» Record excerpts
□ □ □ □ □ □ □

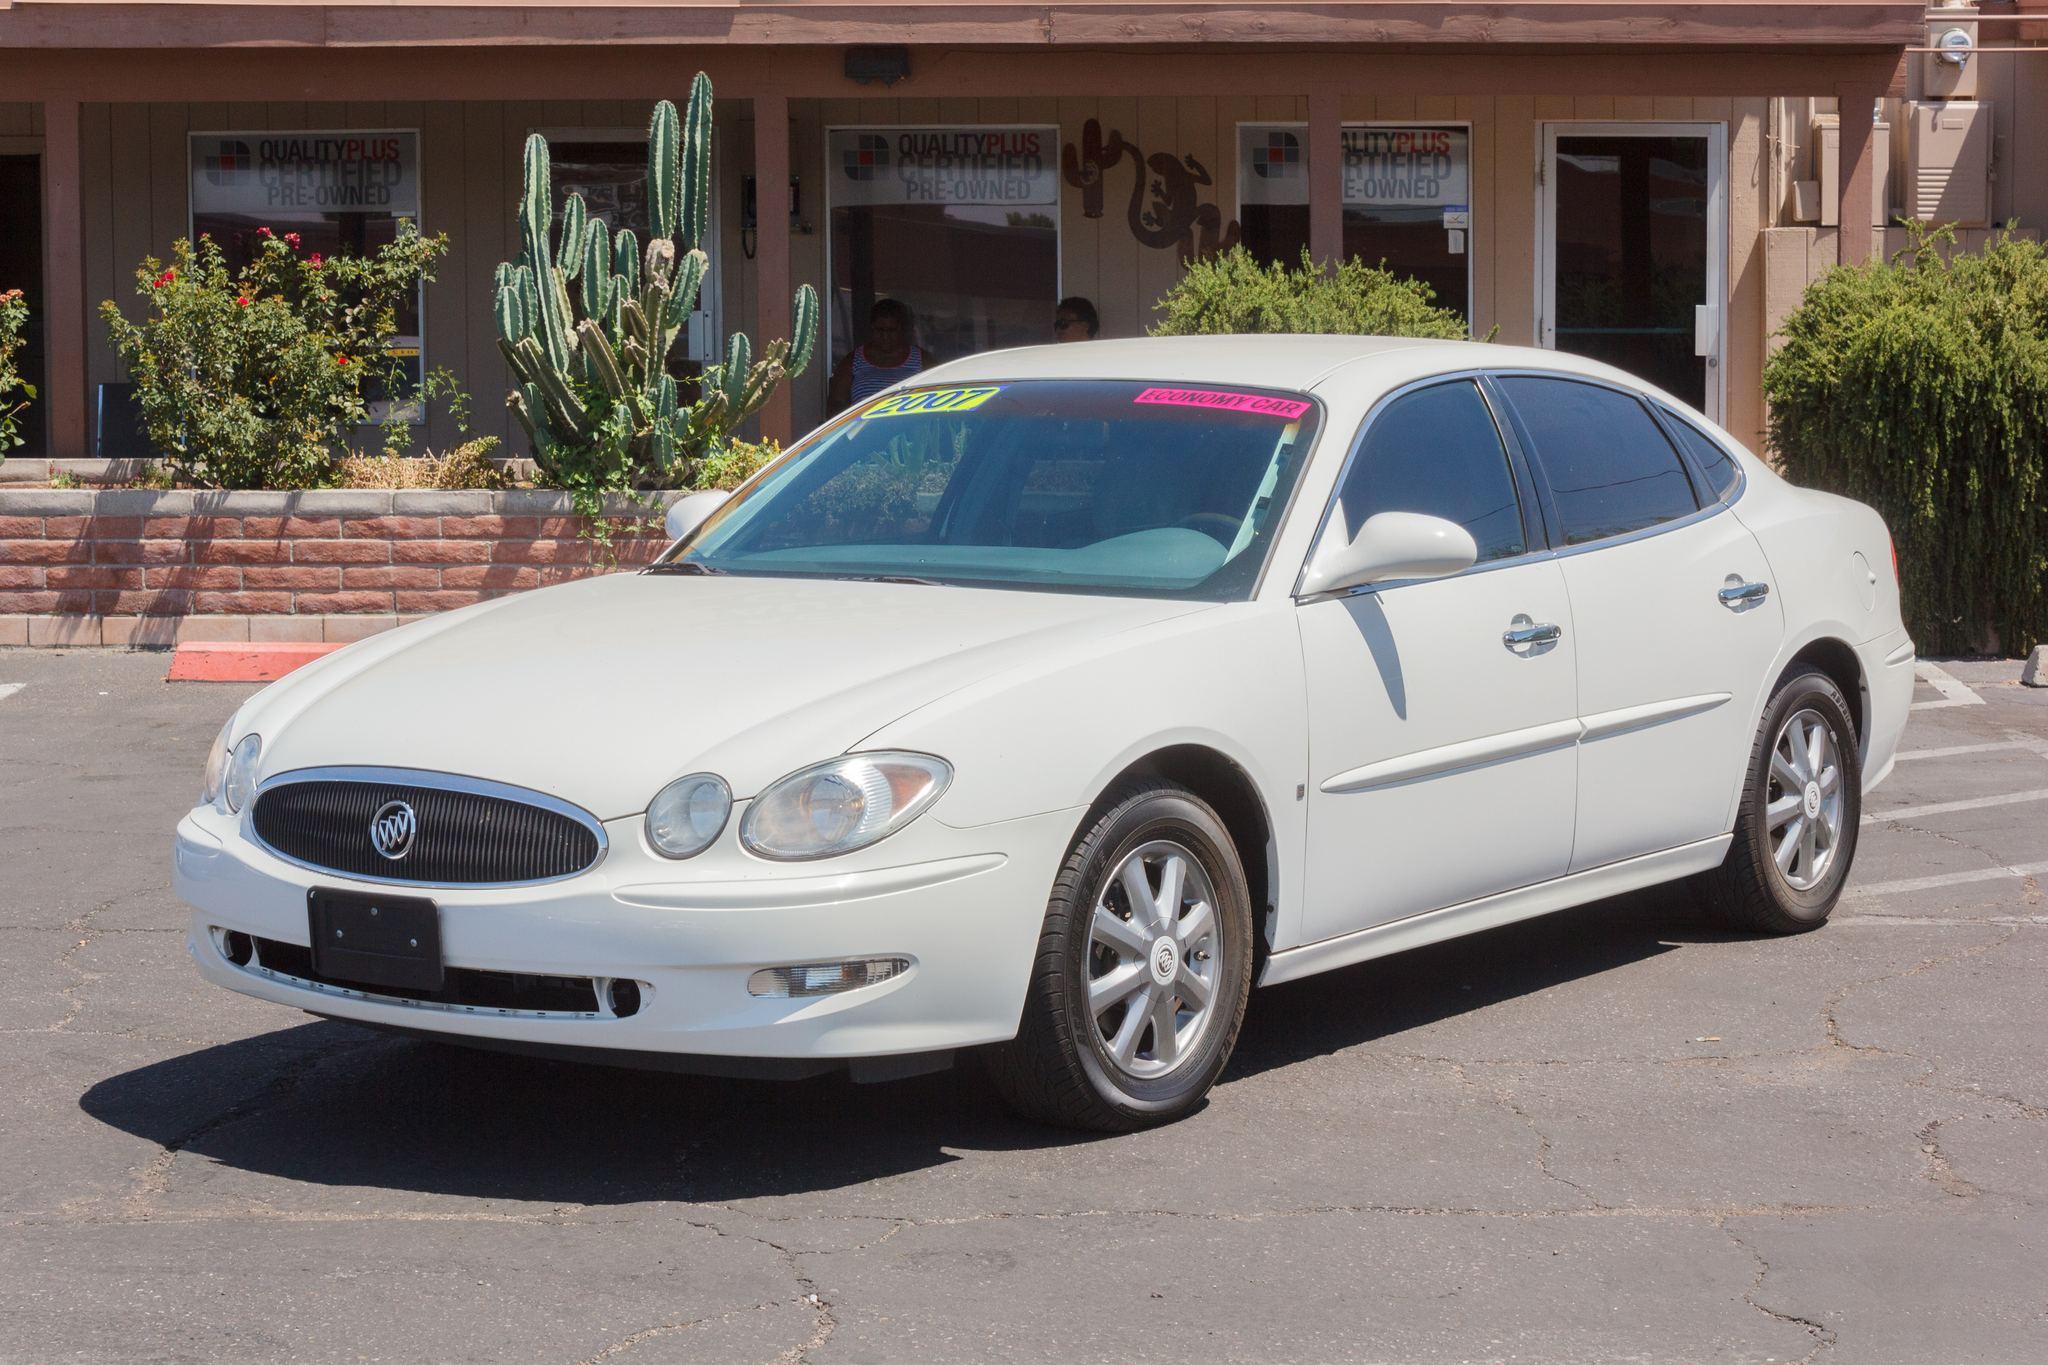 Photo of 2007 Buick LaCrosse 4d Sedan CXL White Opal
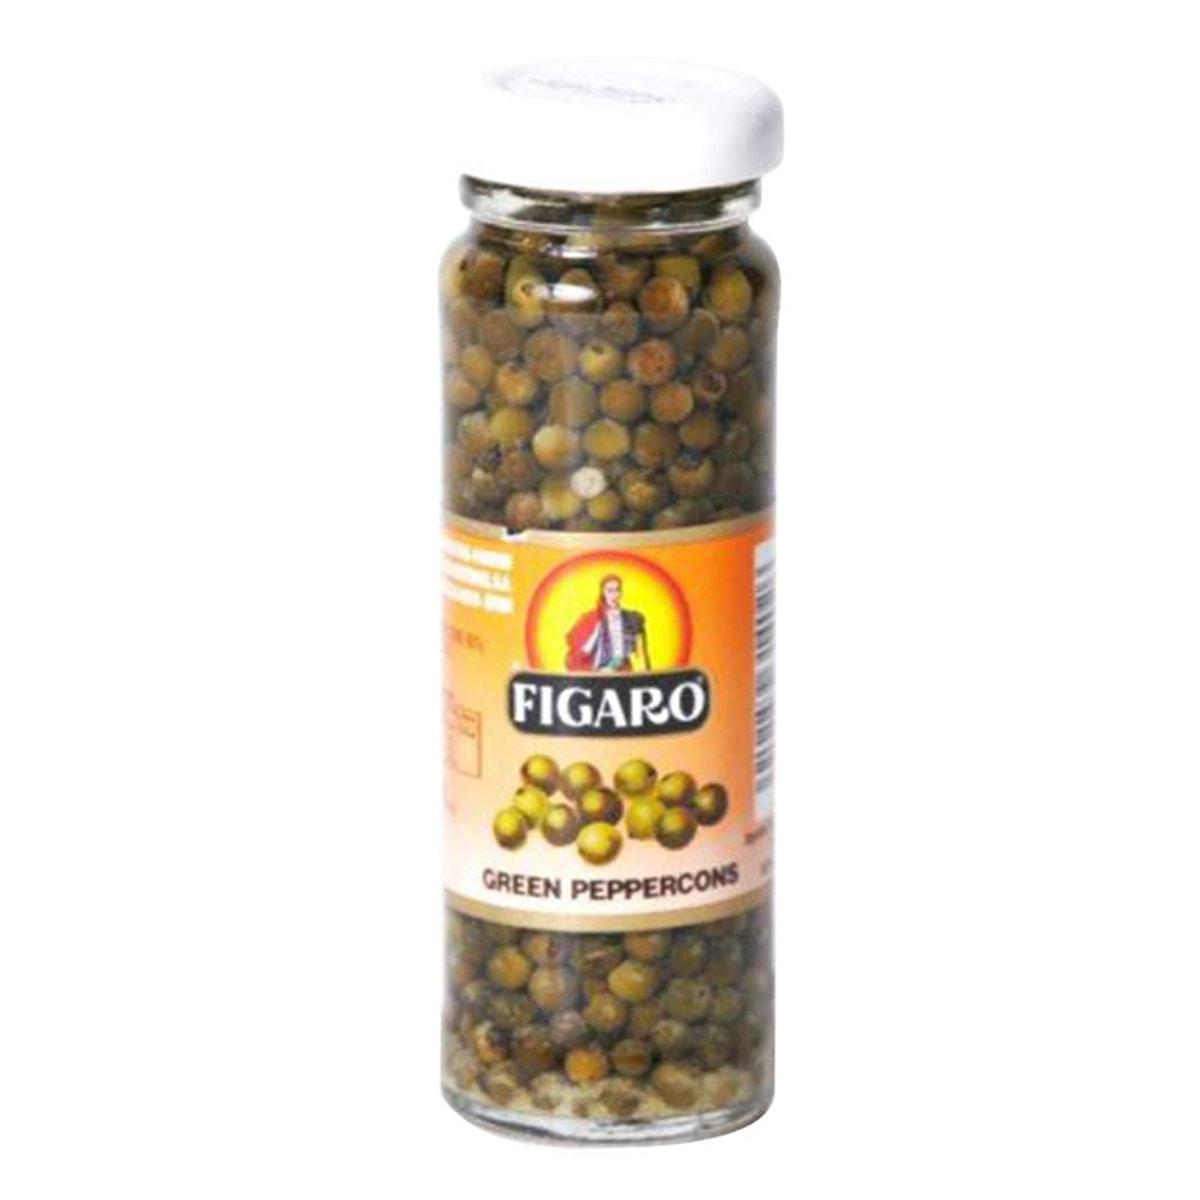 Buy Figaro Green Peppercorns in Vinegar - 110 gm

□ □ □ □ □ □ □

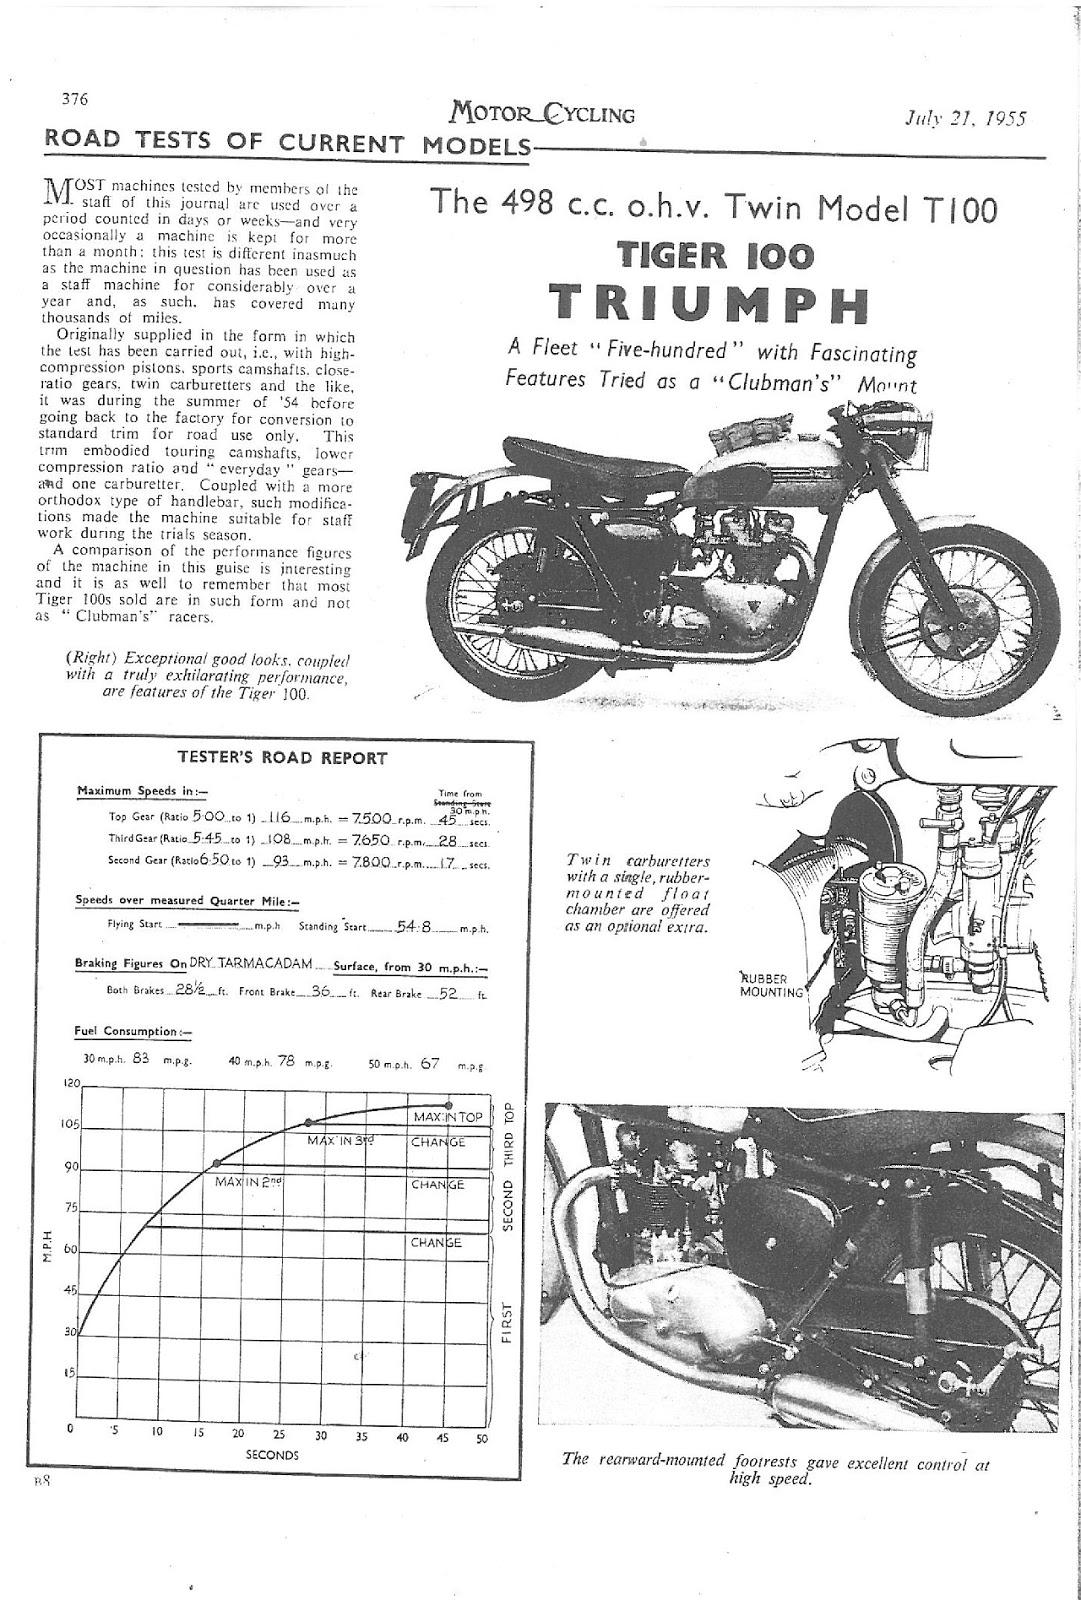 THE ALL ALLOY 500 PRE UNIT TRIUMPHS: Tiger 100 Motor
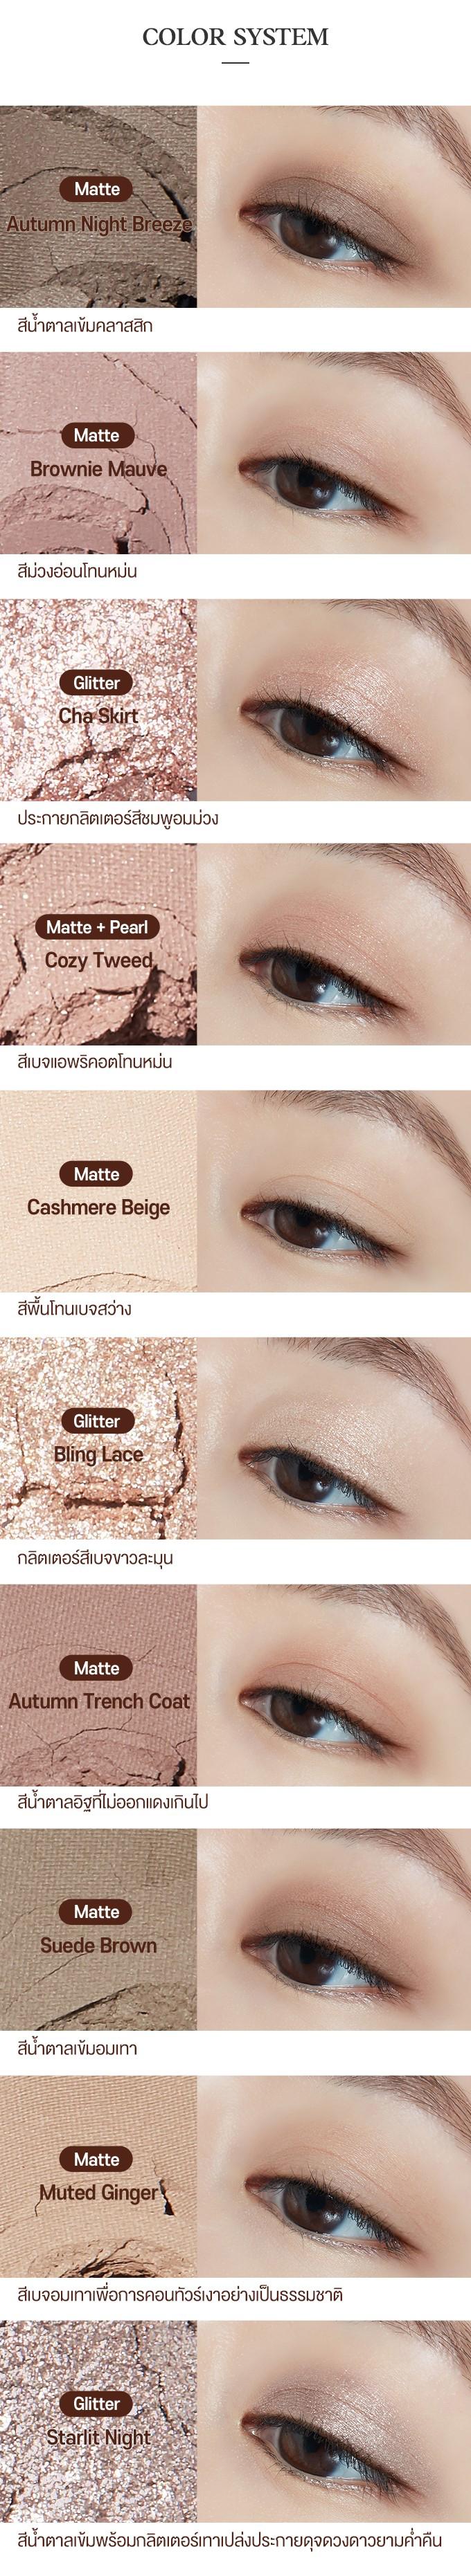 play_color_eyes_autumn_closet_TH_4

□ □ □ □ □ □ □

» Your instructions
Of all the material above, only the lines from the one that has "Photo of 2007" down to the one that has "Buy Figaro Green" are to be written out, exactly and with both ends included. Pictures are skipped.

» Response to the task
 Photo of 2007 Buick LaCrosse 4d Sedan CXL White Opal
 Buy Figaro Green Peppercorns in Vinegar - 110 gm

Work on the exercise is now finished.